(DATA BLOCK begins)
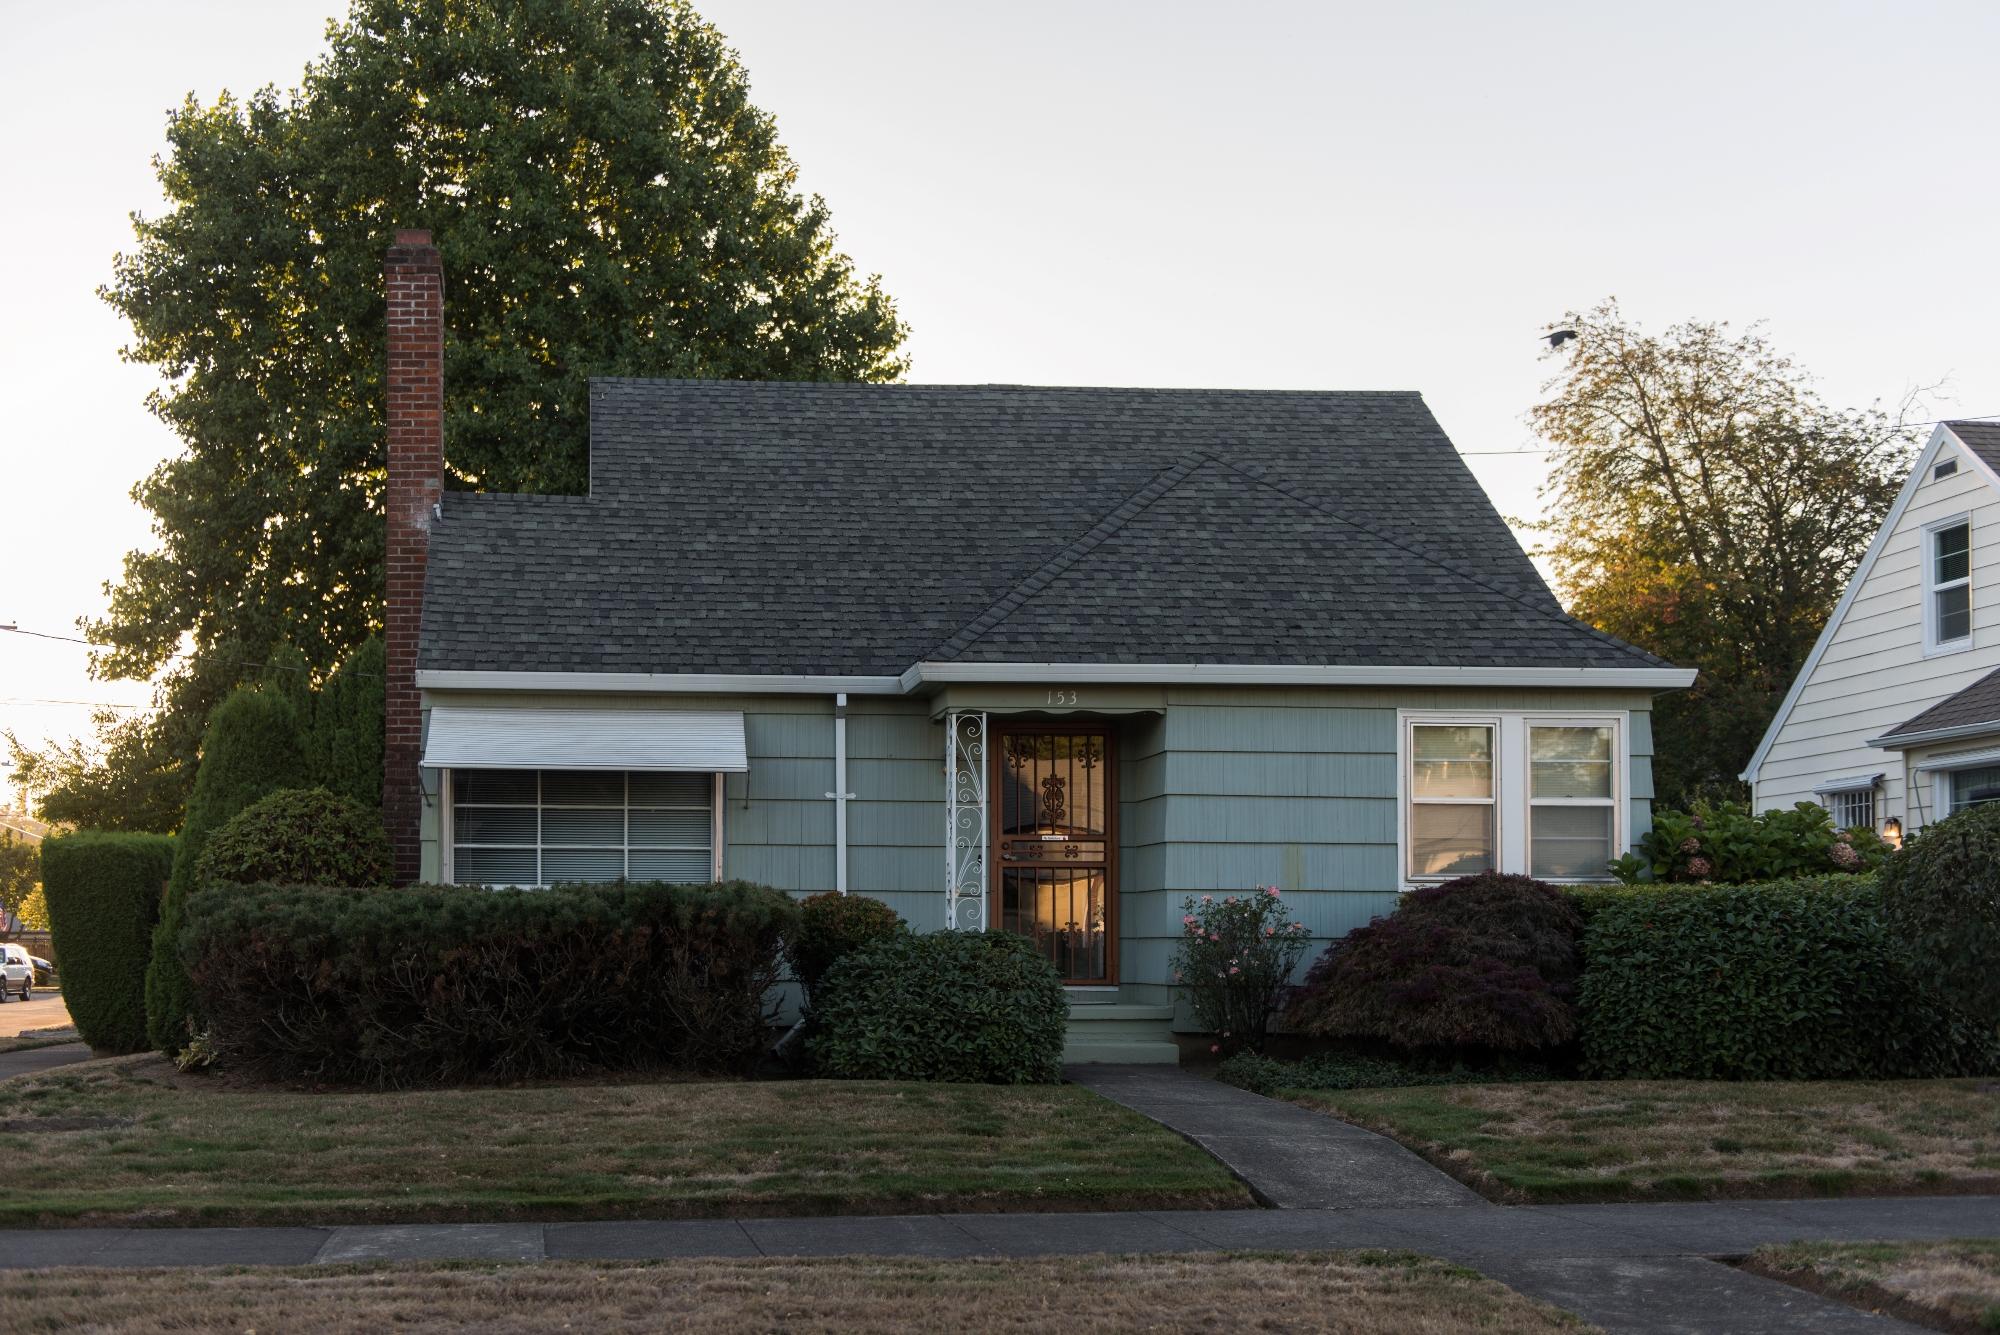 Beaverton homes for sale
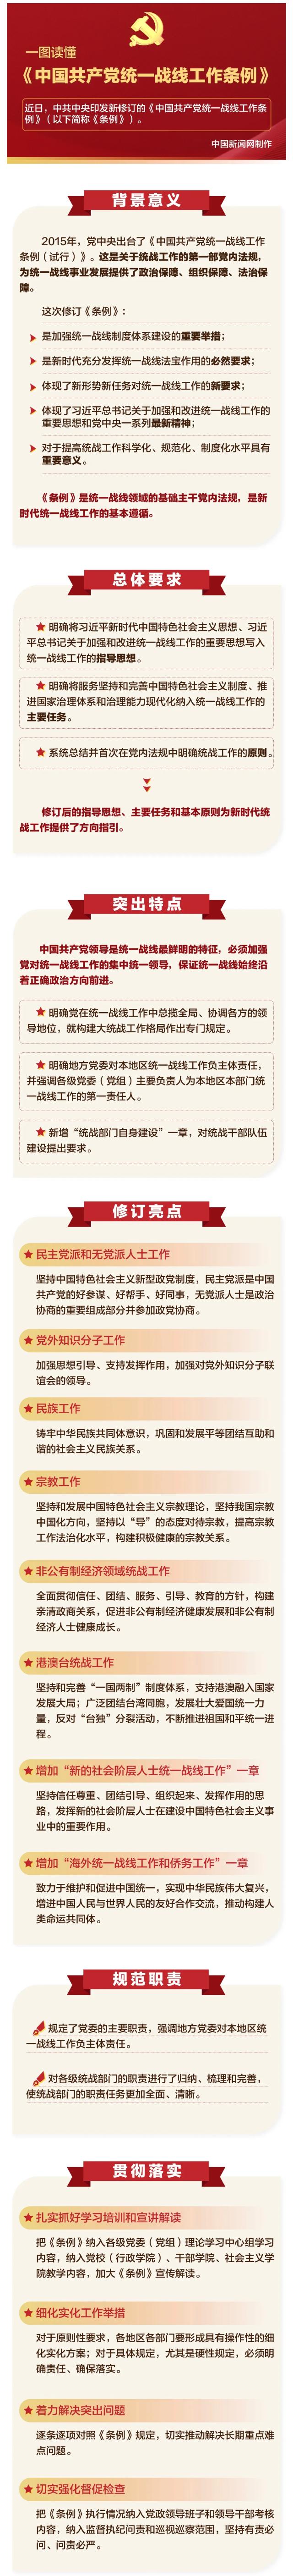 《中国共产党统一战线工作条例》解读
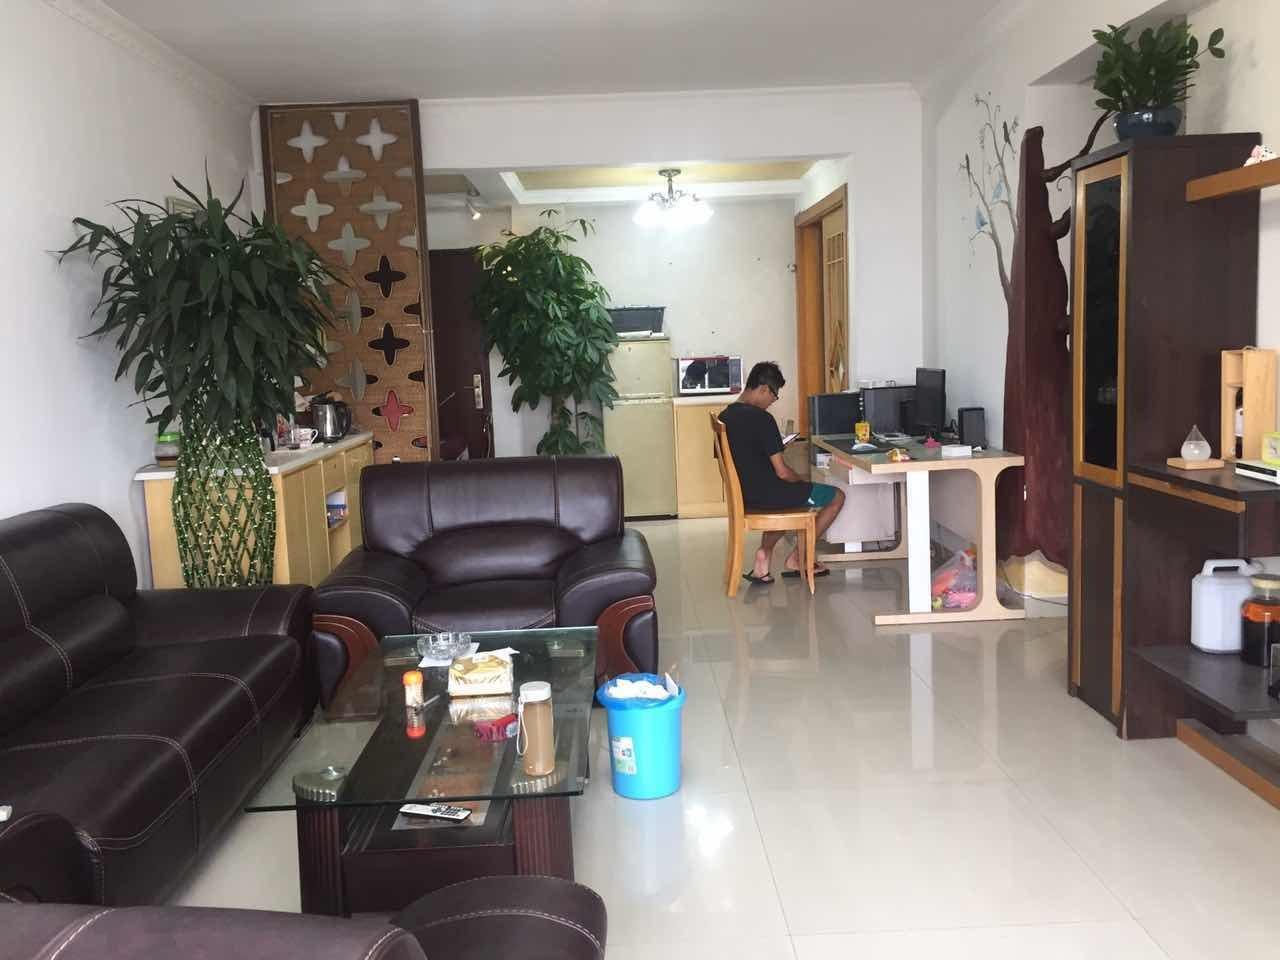 昊龙南区 电梯三房新装修带租放卖 送家电随时看房
(DATA BLOCK ends)
Return all of the material above unchanged, minus its pictures.

 Beaverton homes for sale
 《中国共产党统一战线工作条例》解读
 昊龙南区 电梯三房新装修带租放卖 送家电随时看房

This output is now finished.